TASK BRIEF: Repeat the full listing below verbatim and keep the images out.

DATASET SECTION:
↓

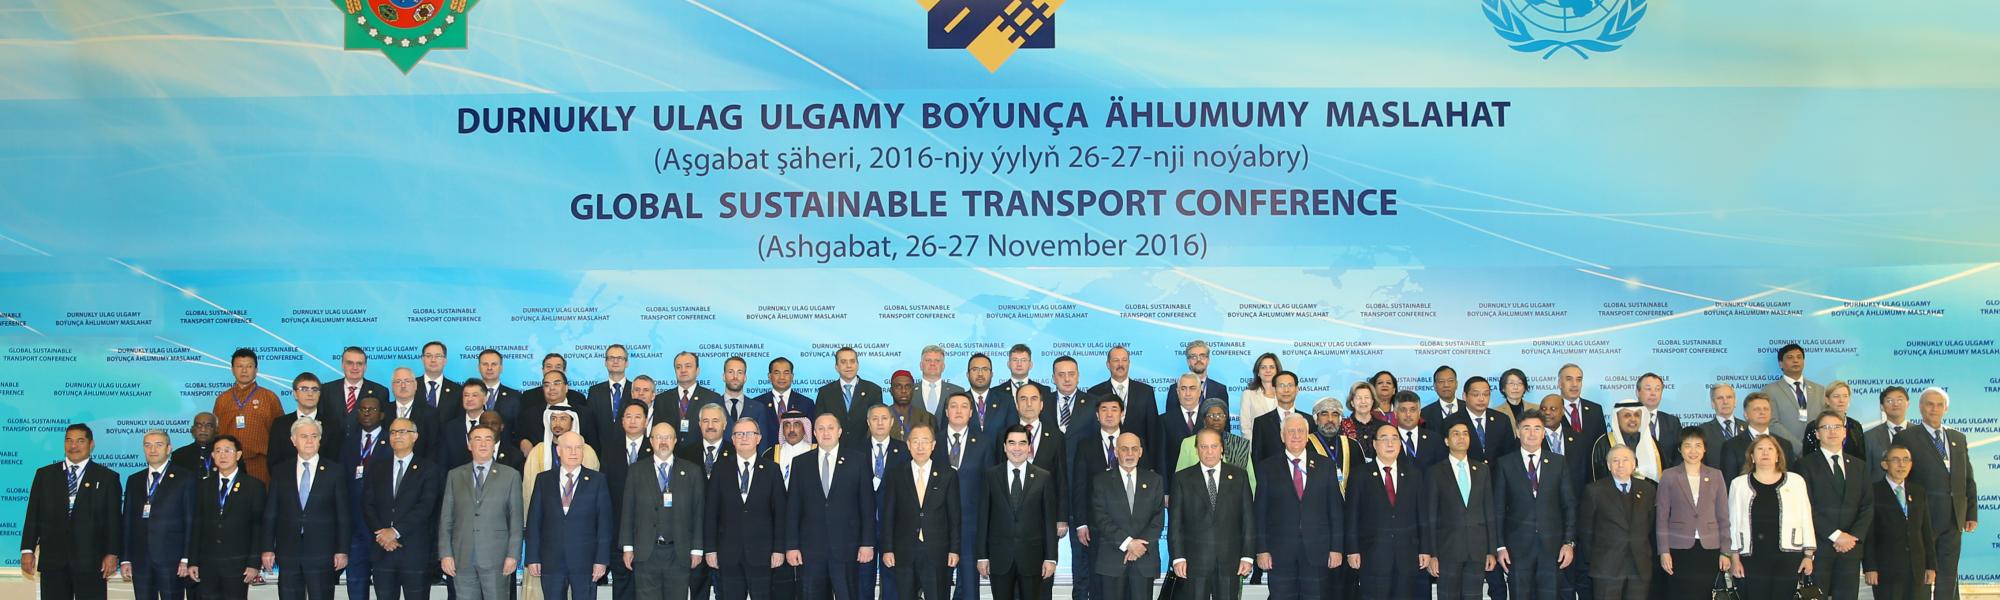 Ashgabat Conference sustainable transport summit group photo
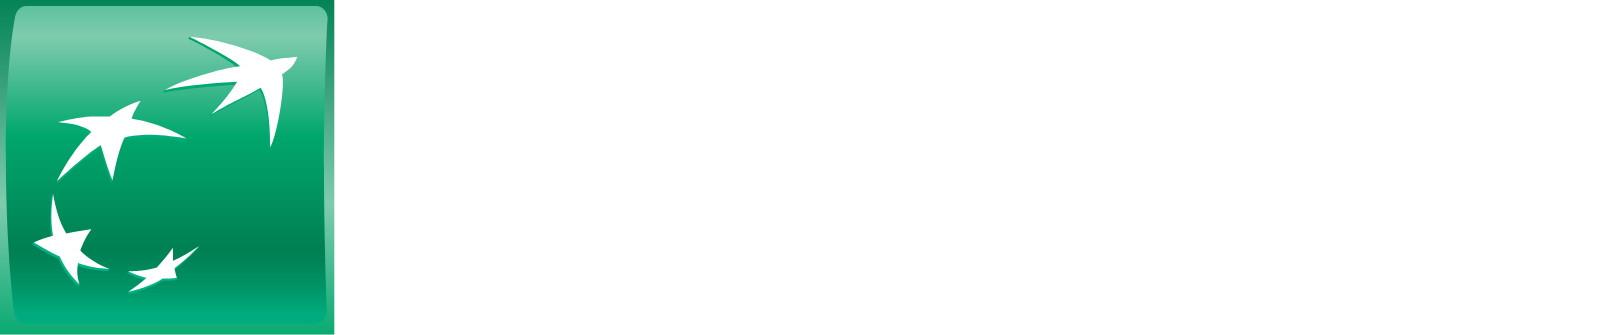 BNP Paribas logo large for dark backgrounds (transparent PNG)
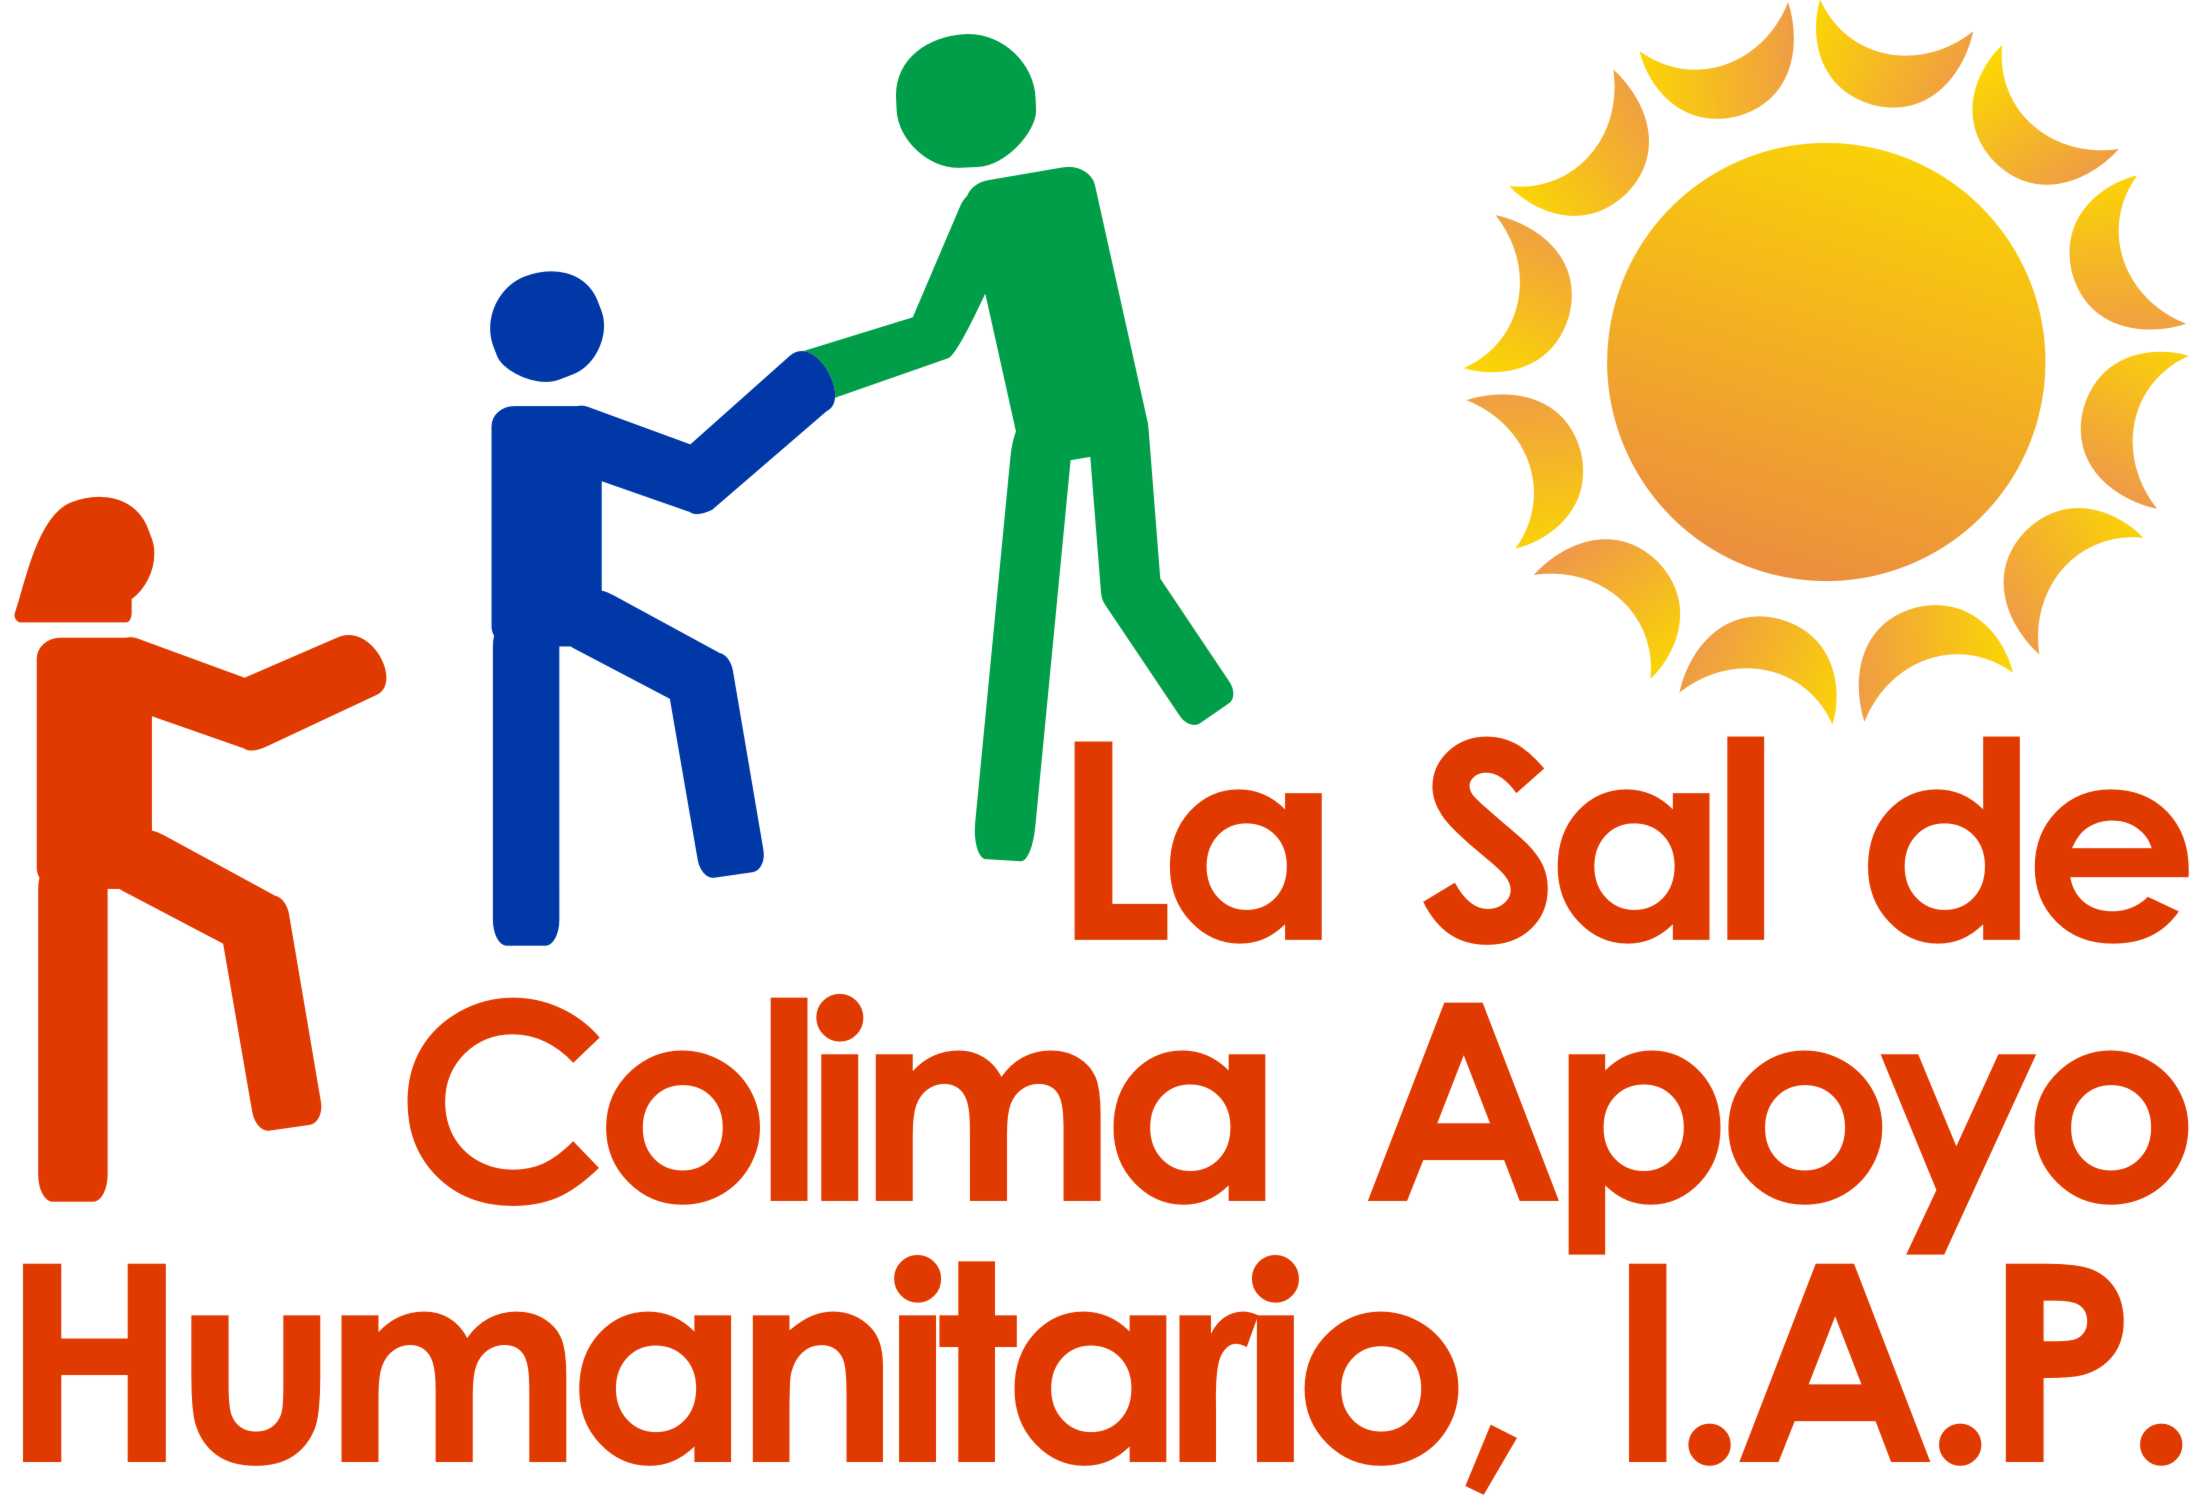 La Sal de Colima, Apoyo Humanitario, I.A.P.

↑

RESULT FOR THIS TASK:
 Ashgabat Conference sustainable transport summit group photo
 BNP Paribas logo large for dark backgrounds (transparent PNG)
 La Sal de Colima, Apoyo Humanitario, I.A.P.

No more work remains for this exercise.